● Task objective: Only the pictures are dropped. Restate each line below word for word.

-- Dataset section follows --

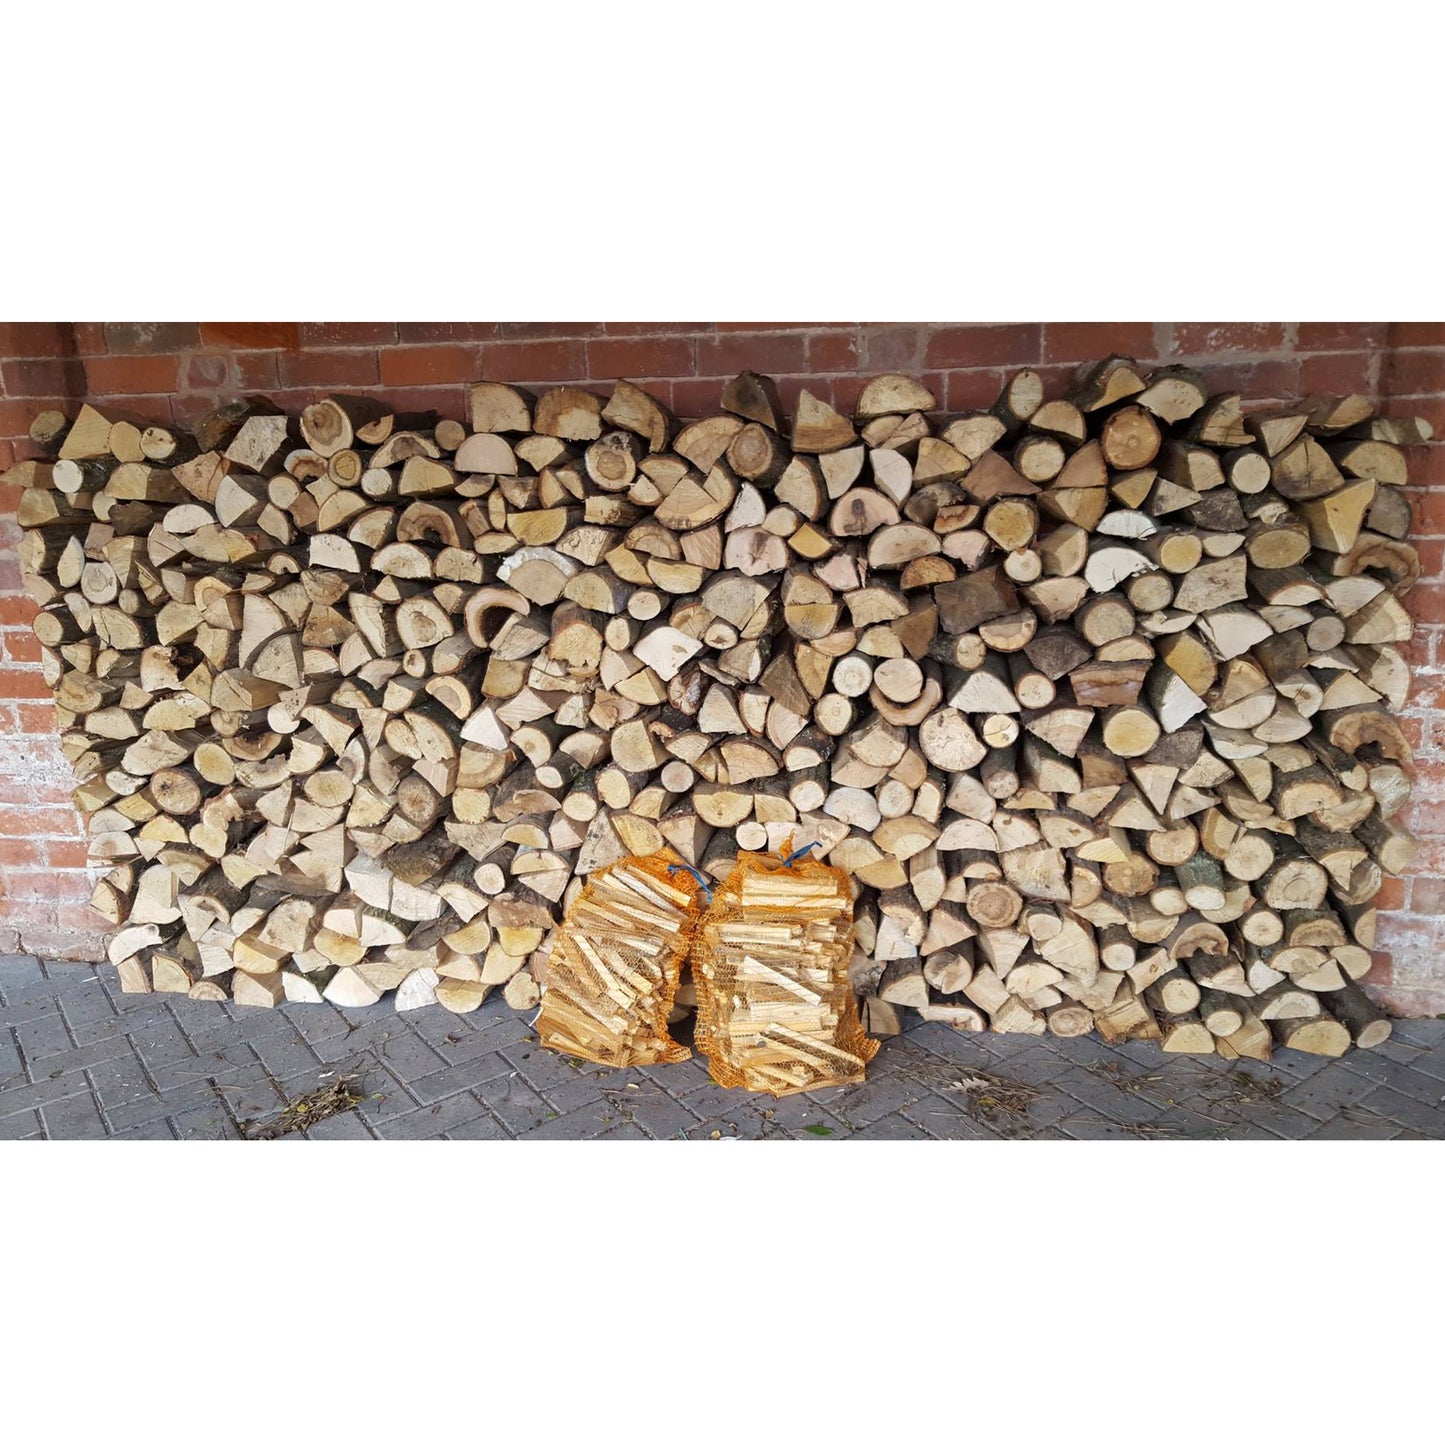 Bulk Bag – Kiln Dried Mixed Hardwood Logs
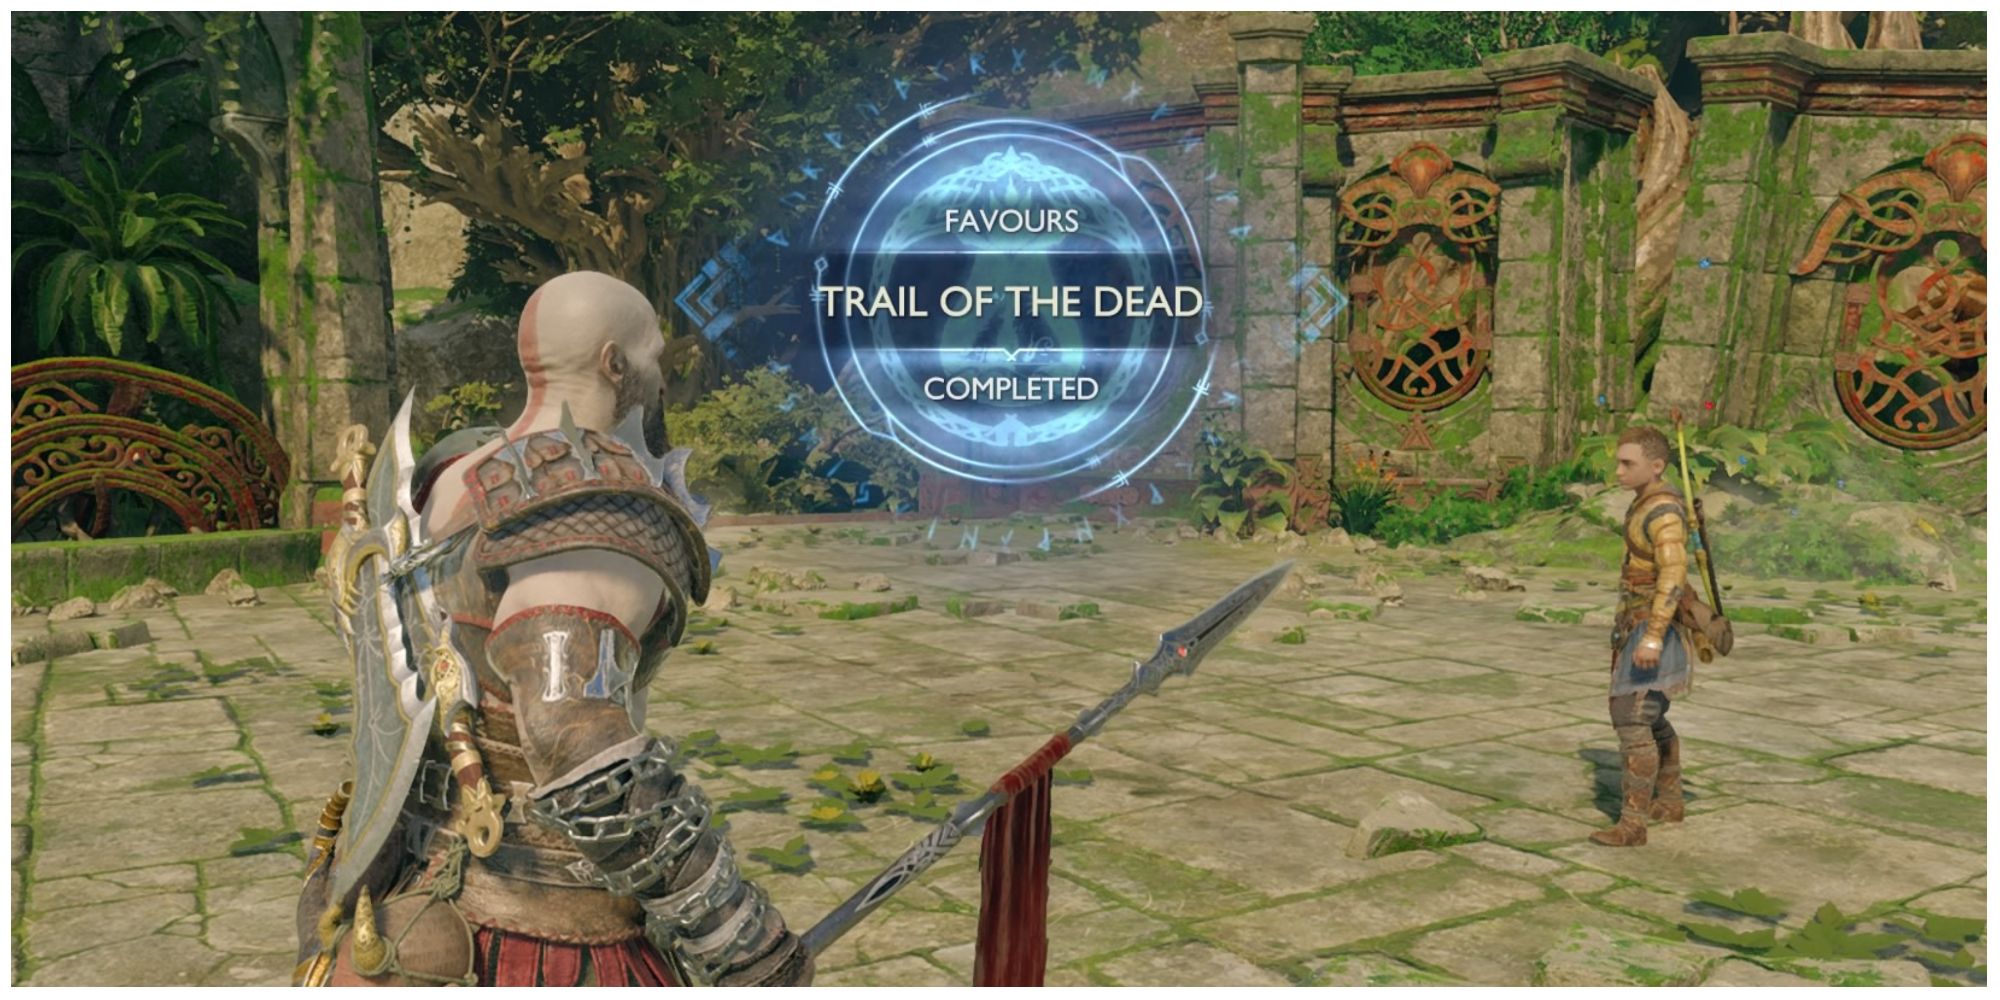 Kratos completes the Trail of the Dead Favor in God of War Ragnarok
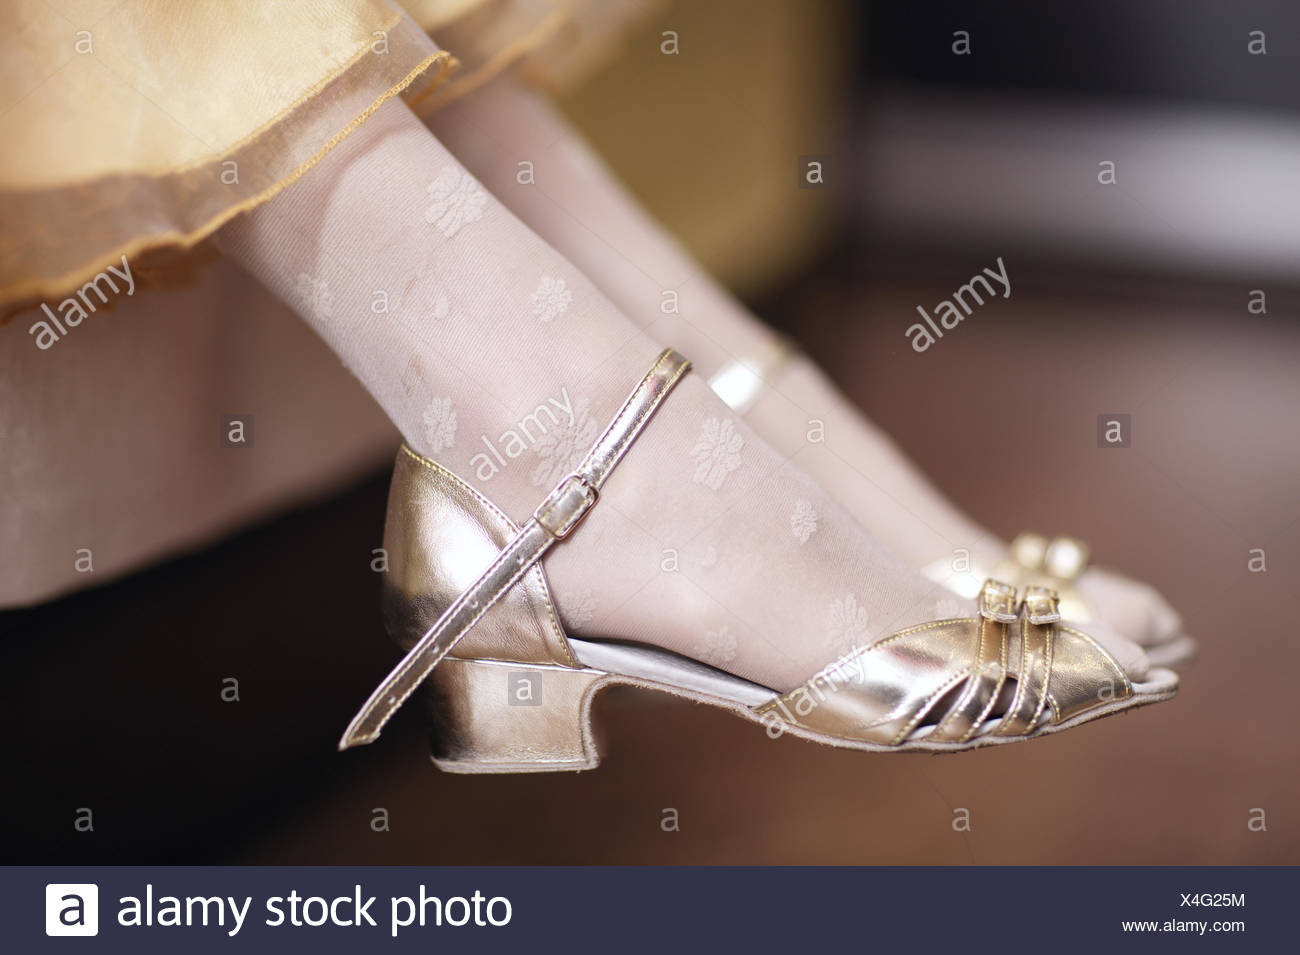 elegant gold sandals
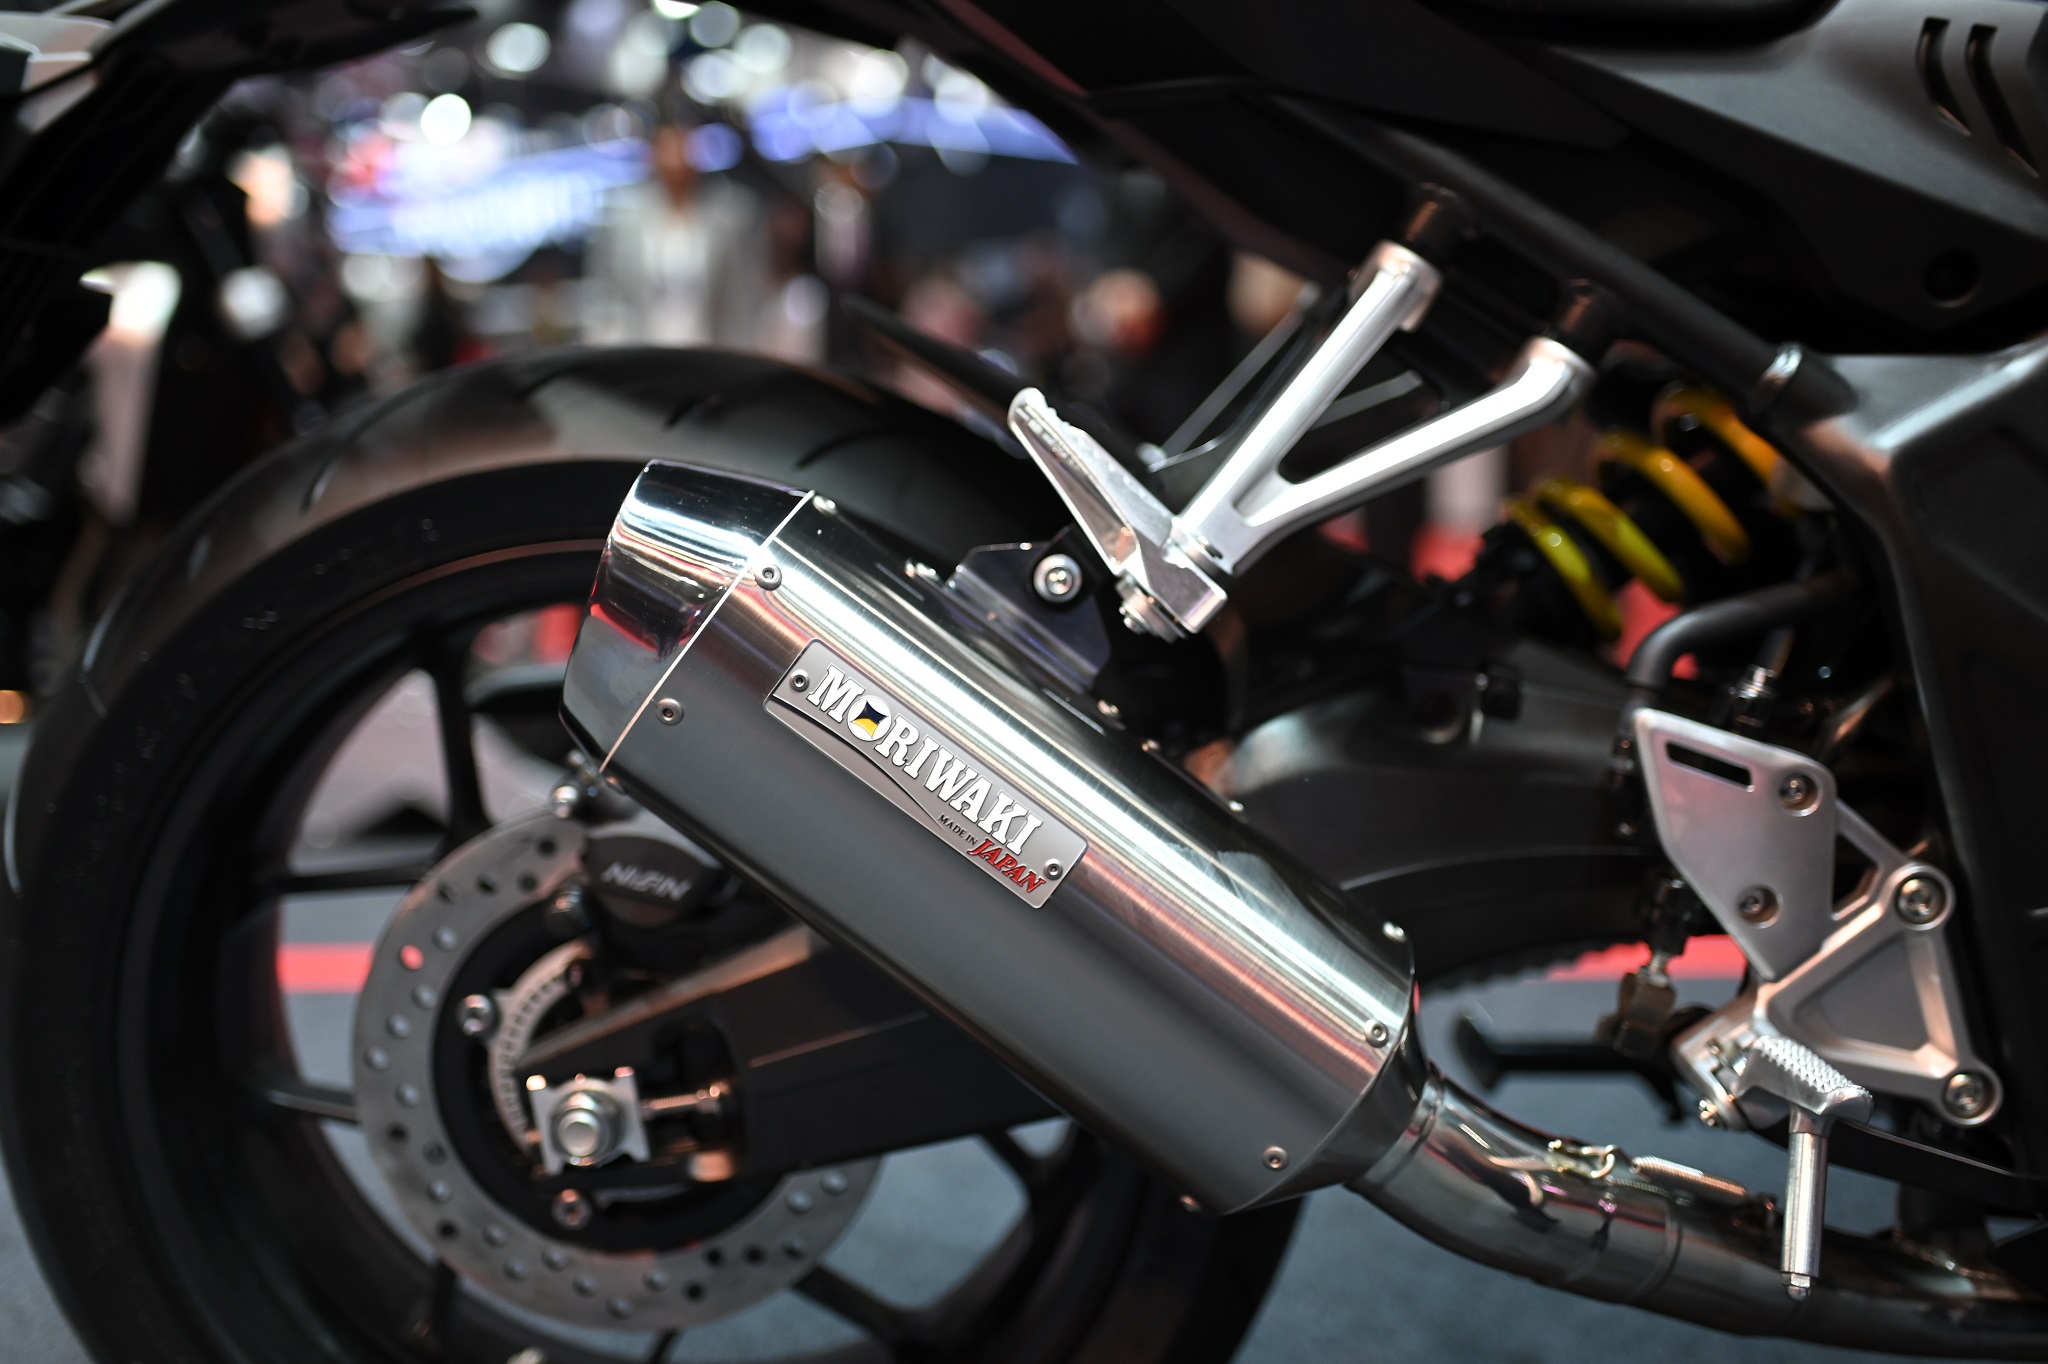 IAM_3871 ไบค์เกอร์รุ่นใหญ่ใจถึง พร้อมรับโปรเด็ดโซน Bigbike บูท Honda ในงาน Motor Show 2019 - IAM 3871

-- Dataset section concluded --

● Finished task:
 Bulk Bag – Kiln Dried Mixed Hardwood Logs
 Kratos completes the Trail of the Dead Favor in God of War Ragnarok
 elegant gold sandals
 IAM_3871 ไบค์เกอร์รุ่นใหญ่ใจถึง พร้อมรับโปรเด็ดโซน Bigbike บูท Honda ในงาน Motor Show 2019 - IAM 3871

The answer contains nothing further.